Masa selanjutnya, pada repelita ke-3 (1979-1983) ada penekanan yang lebih mendalam
terhadap kepentingan pertahanan dan keamanan. Pelaksanaan transmigrasi spontan lebih
didorong lagi dengan mengembangkan kegiatan ekonomi di luar pulau Jawa guna menarik minat
calon transmigran. Target pemindahan transmigran sebanyak 250 ribu keluarga dapat dicapai,
bahkan terlampaui sebanyak dua kali lipat. Pemerintah berhasil memberangkatkan sebanyak 500
ribu keluarga. Mengingat keberhasilan pada repelita ke-3, maka pada repelita ke-4 target
transmigran ditingkatkan lagi menjadi 750 ribu keluarga atau 3,75 juta orang. Pada akhir bulan
Oktober 1985 telah berhasil diberangkatkan sebanyak 350.606 keluarga atau 1.163.771 orang.

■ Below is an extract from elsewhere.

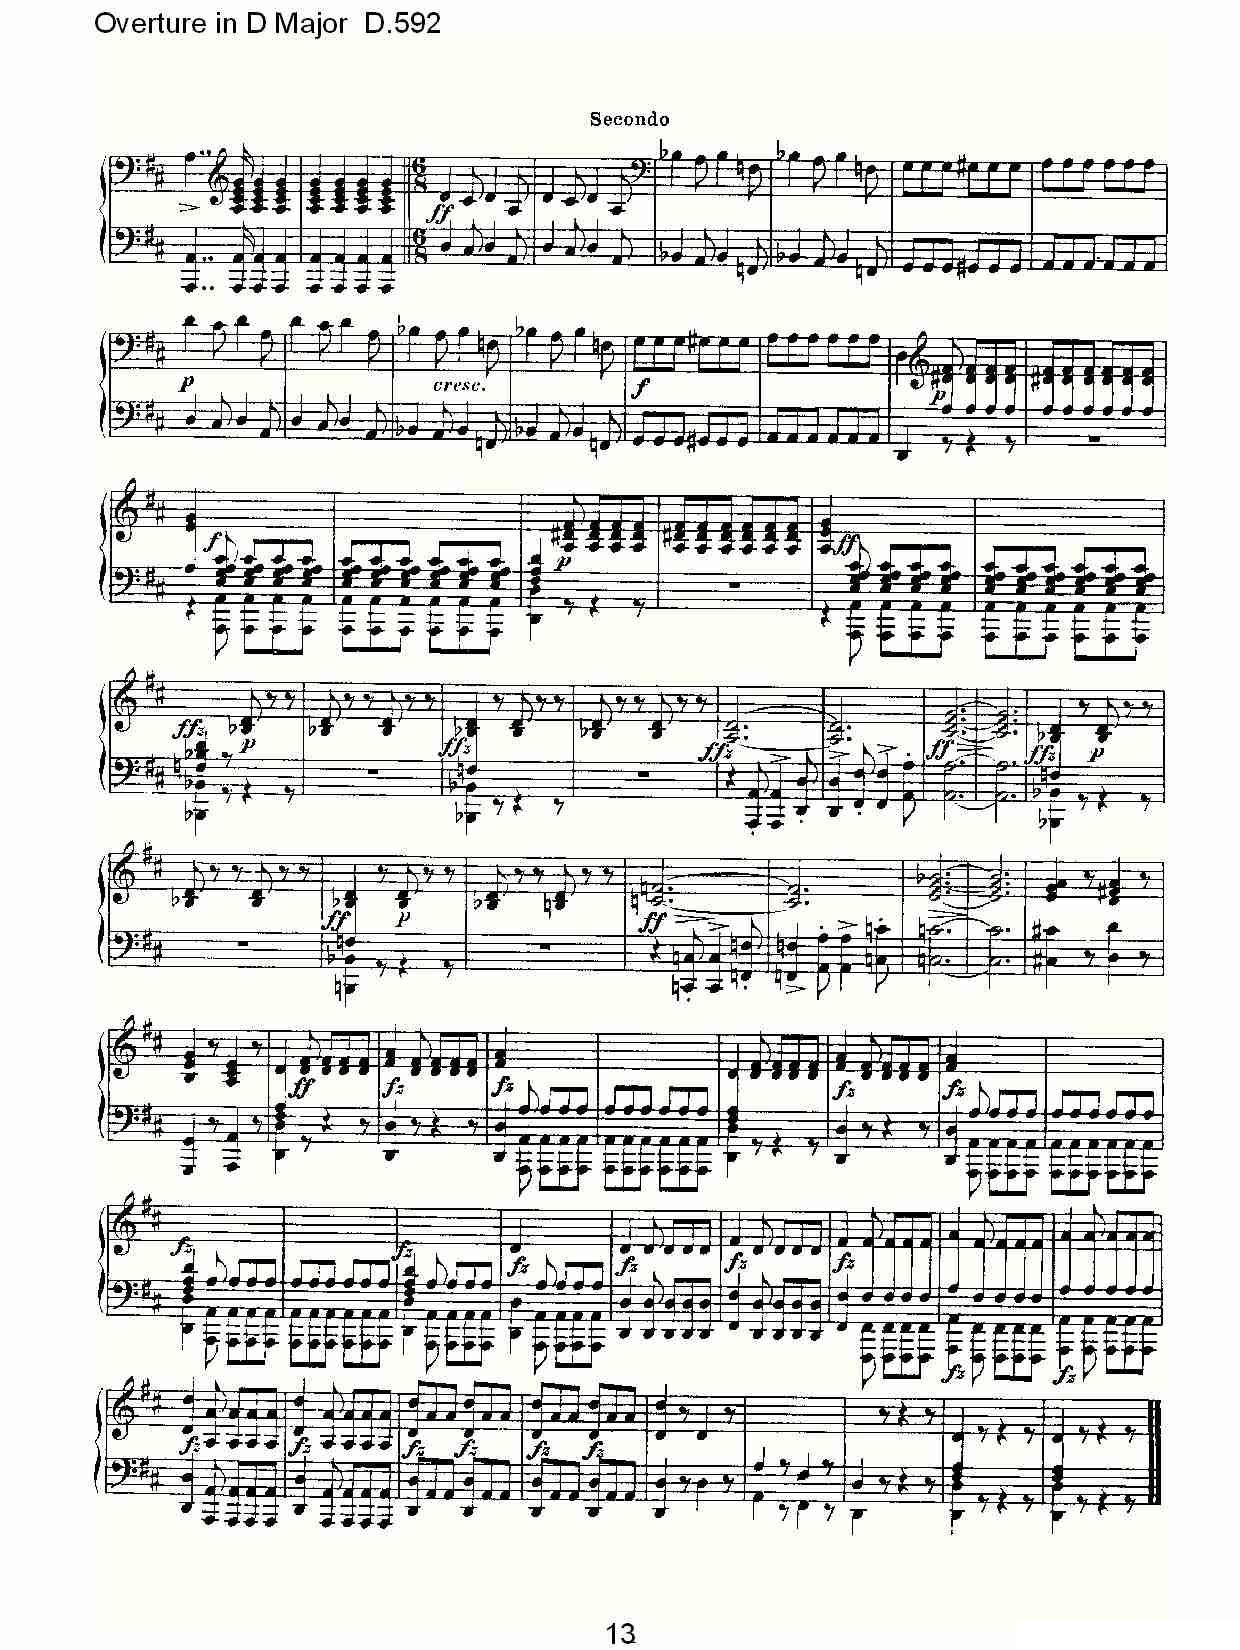 Overture in D Major D.592（Ｄ大调序曲 D.592）钢琴曲谱（图13）

Pada periode ini diintroduksi konsep tentang pelestarian lingkungan, sehingga transmigrasi juga
diberi misi agar bisa memulihkan sumber daya alam yang sudah tereksploitasi dan memelihara
lingkungan hidup.
16
c. Masa Reformasi
Jumlah penduduk yang berhasil dipindahkan dalam program transmigrasi, terus
meningkat dari tahun ke tahun. Walaupun demikian tetap tidak bisa mengejar bertambahnya
jumlah penduduk di pulau Jawa. Sebab fertilitas di pulau Jawa jauh melebihi angka penduduk
yang dapat dipindahkan ke luar pulau Jawa. Dengan demikian, jika dilihat dari aspek demografis
yang dikaitkan dengan pengurangan penduduk di pulau Jawa, program transmigrasi ini tidak
mencapai sasarannya. Diakui pula oleh Departemen Transmigrasi dan Pemukiman Perambah
Hutan, bahwa pelaksanaan transmigrasi yang telah dilaksanakan hingga jaman orde baru belum
memberikan pengaruh yang merata, baik ditinjau dari sisi mikro yaitu tingkat perkembangan
UPT/Desa, maupun makro yaitu pada percepatan pertumbuhan wilayah. Pembangunan
transmigrasi pun belum berhasil menjadi pendorong pembangunan, karena belum dapat
memberikan kontribusi yang optimal dalam pembangunan wilayah. Mengingat kondisi seperti di
atas, perlu dicari paradigma baru dalam pembangunan transmigrasi. Paradigma baru yang sudah
jauh berbeda dengan paradigma lama, terjadi dengan dikeluarkannya Undangundang No. 5/1997.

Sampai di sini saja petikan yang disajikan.